Given a subset $A \subset \mathbb{R}$ with the length of an open interval $\mu_L(I_k) = b_k -a_k : I \doteq [a_k,b_k]$
The lebesgue measure is defined as $$ \lambda^{\ast} (A) \doteq \inf \Big\{ \sum_{j \geq 1} \mu_L(I_j) : A \subset \bigcup_{j \geq 1} I_j \Big\} $$
Why is it not defined simply as $$ \lambda^{\ast} (A) \doteq \sum_{j \in J} \mu_L(I_j) : J \rightarrow A = \bigcup_{j \in J} I_j $$
Why is it necessary to have the infimum and why is it necessary for it to be a set? I'm still a little unclear as to why we need to take the infimum
The intuition for Lebesgue measure is geometric. Given a reasonable set $X\subset\mathbb{R}^n$, how would you approximate its volume? One way is to approximate its volume from the outside as a sum of volumes of cubes.
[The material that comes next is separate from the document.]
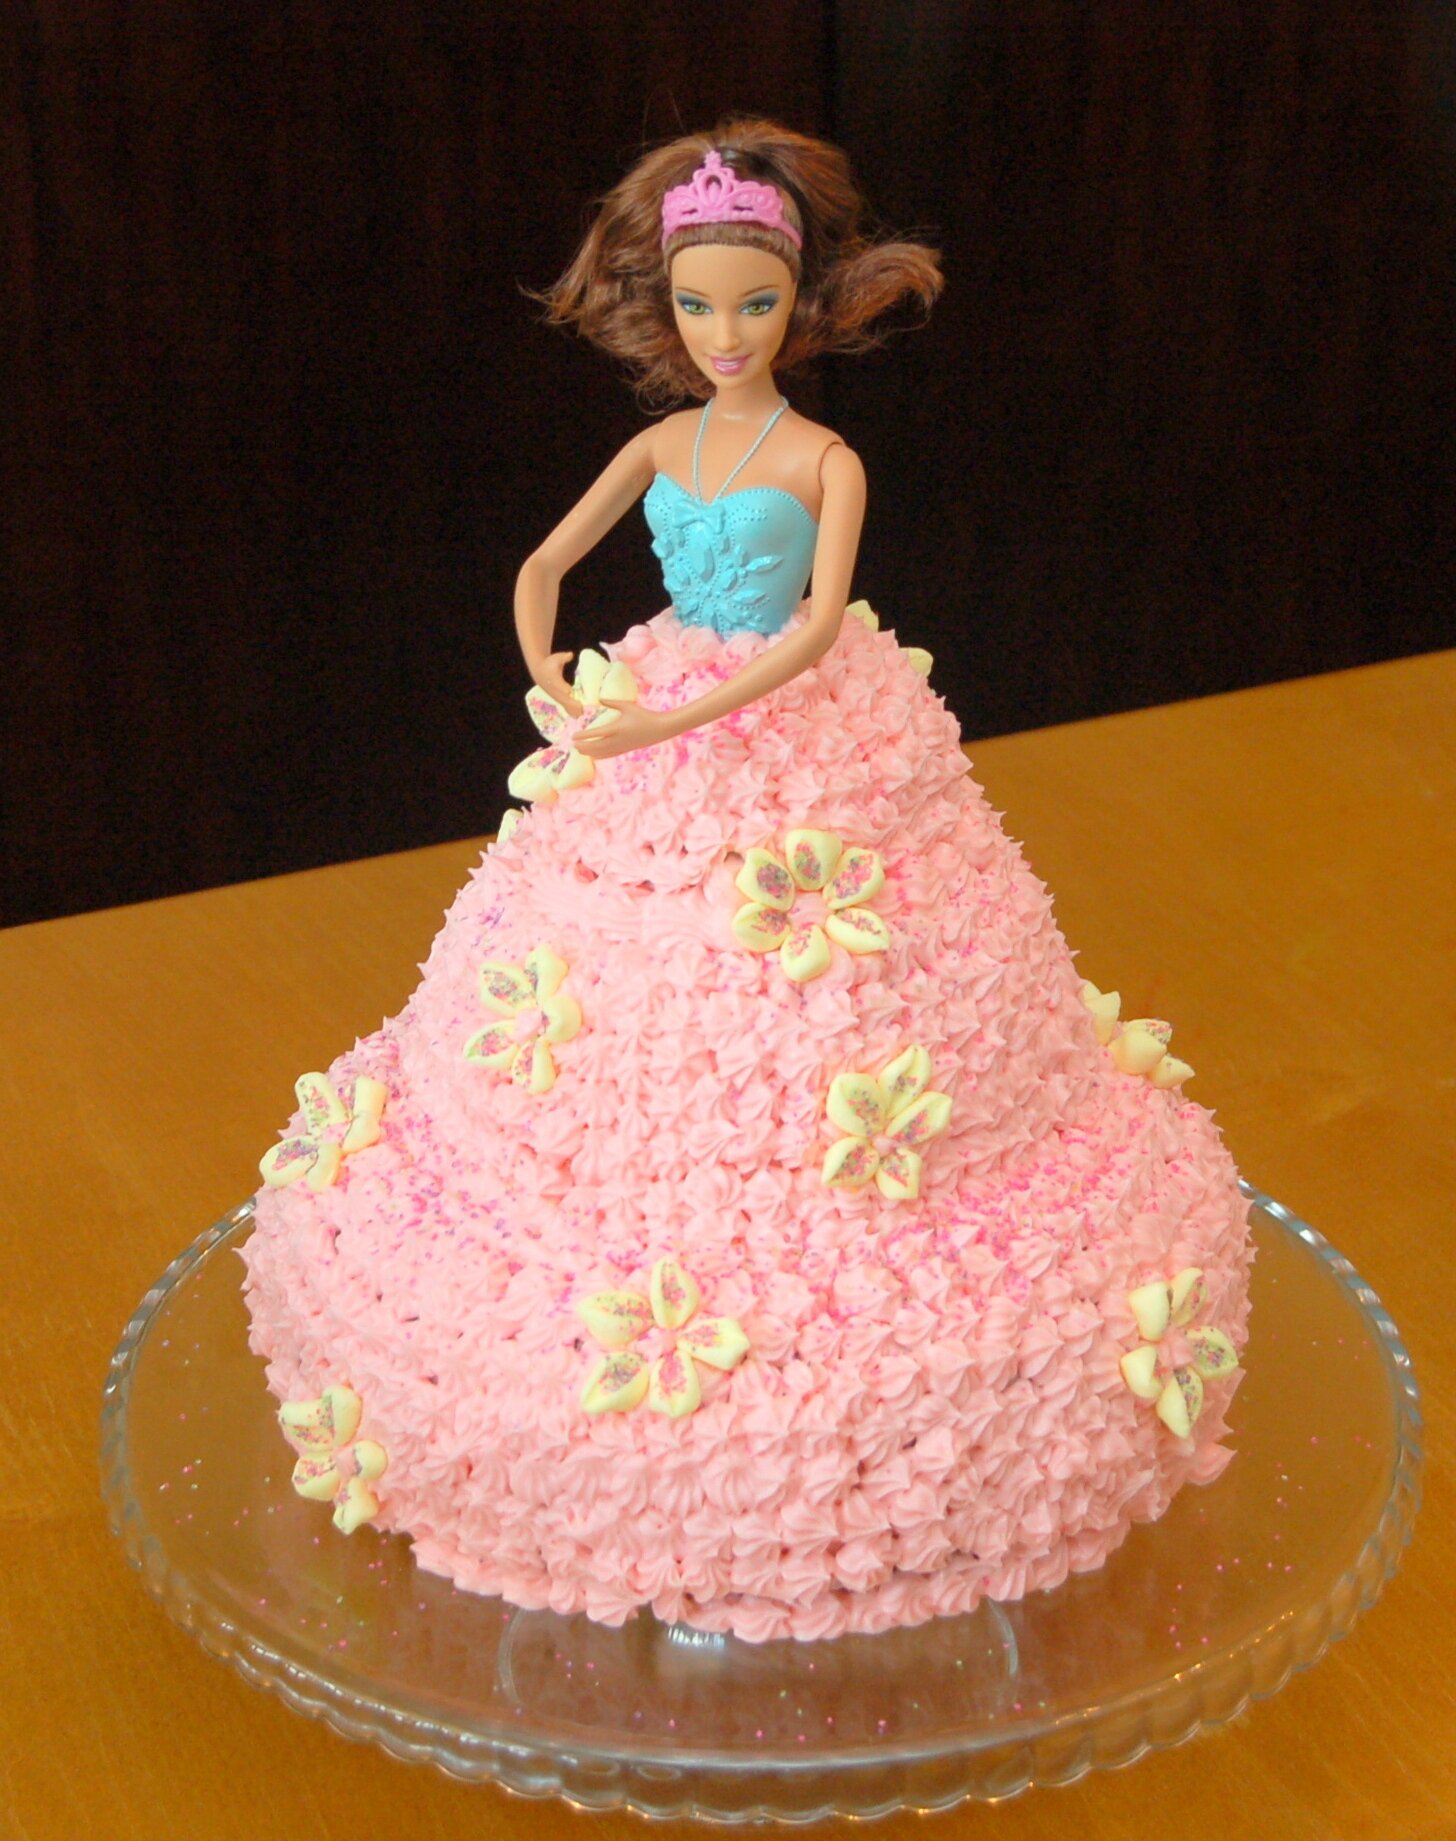 How to make a Barbie Cake – It's easier than you think!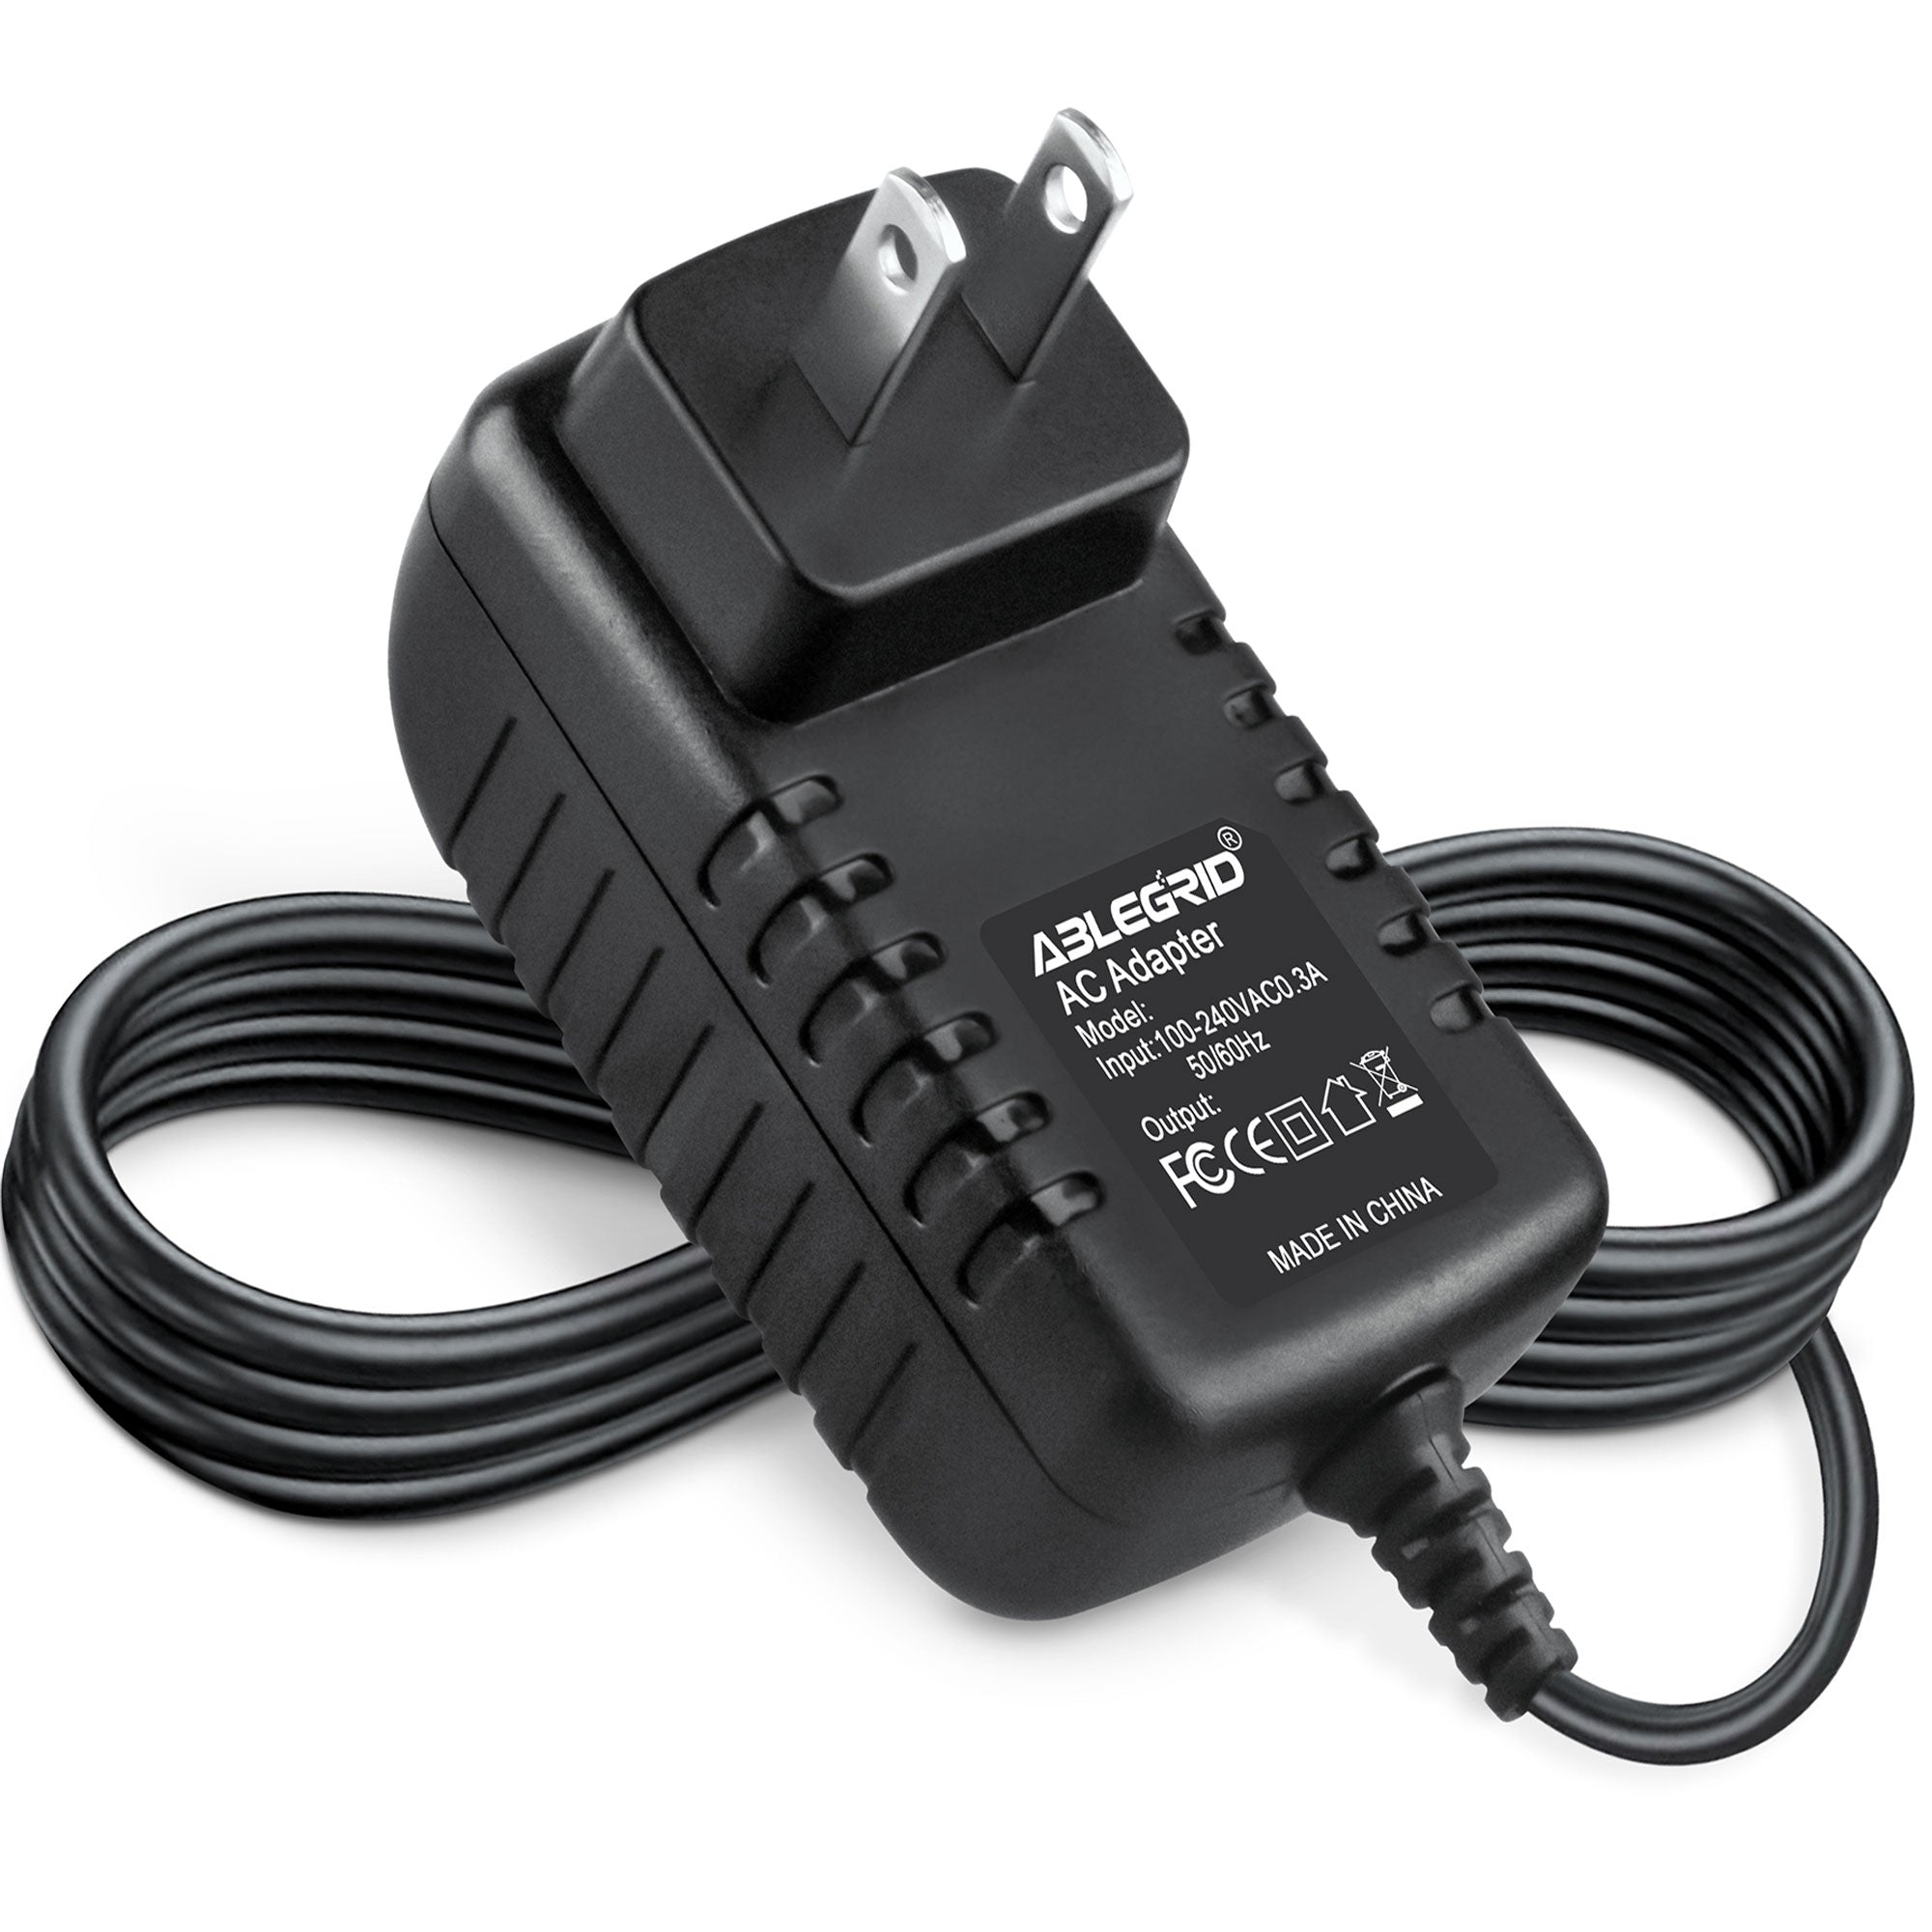 AbleGrid AC-DC Adapter for HP Hewlett Packard DreamScreen Model: KPC-24F (REV:A) Part Number: 530395-001 530395001 Power Supply Cord Cable PS Wall Home Charger Input: 100V - 120V AC - 240 VAC 50/60Hz Worldwide Voltage Use Mains PSU

This is the concept of outer measure.
Say in $\mathbb{R}^2$, to get the area of a disc one might first approximate its area by a square containing the disc. But this is clearly not a good approximation. So let's try chopping this square into 16 squares, 4 rows of 4 squares each, and look at just the squares that intersect the disc. The sum of the areas of these squares (which is well defined, by the way, since we know how to get area of squares) is a better approximation to the area of the circle than our first approximation. But even this is still not a great approximation, so we just keep chopping our rectangles finer and finer. Each approximation is smaller than the last, and is a better approximation to the area of the disc. This explains why we would take the infimum.
In $\mathbb{R}^1$, the intuition is the same, except the sets we are trying to measure are one-dimensional and the "rectangles" become "intervals." We know how to get lengths of intervals, so to get "lengths" of measurable sets we approximate them from the outside as sums of lengths of intervals whose union covers the set.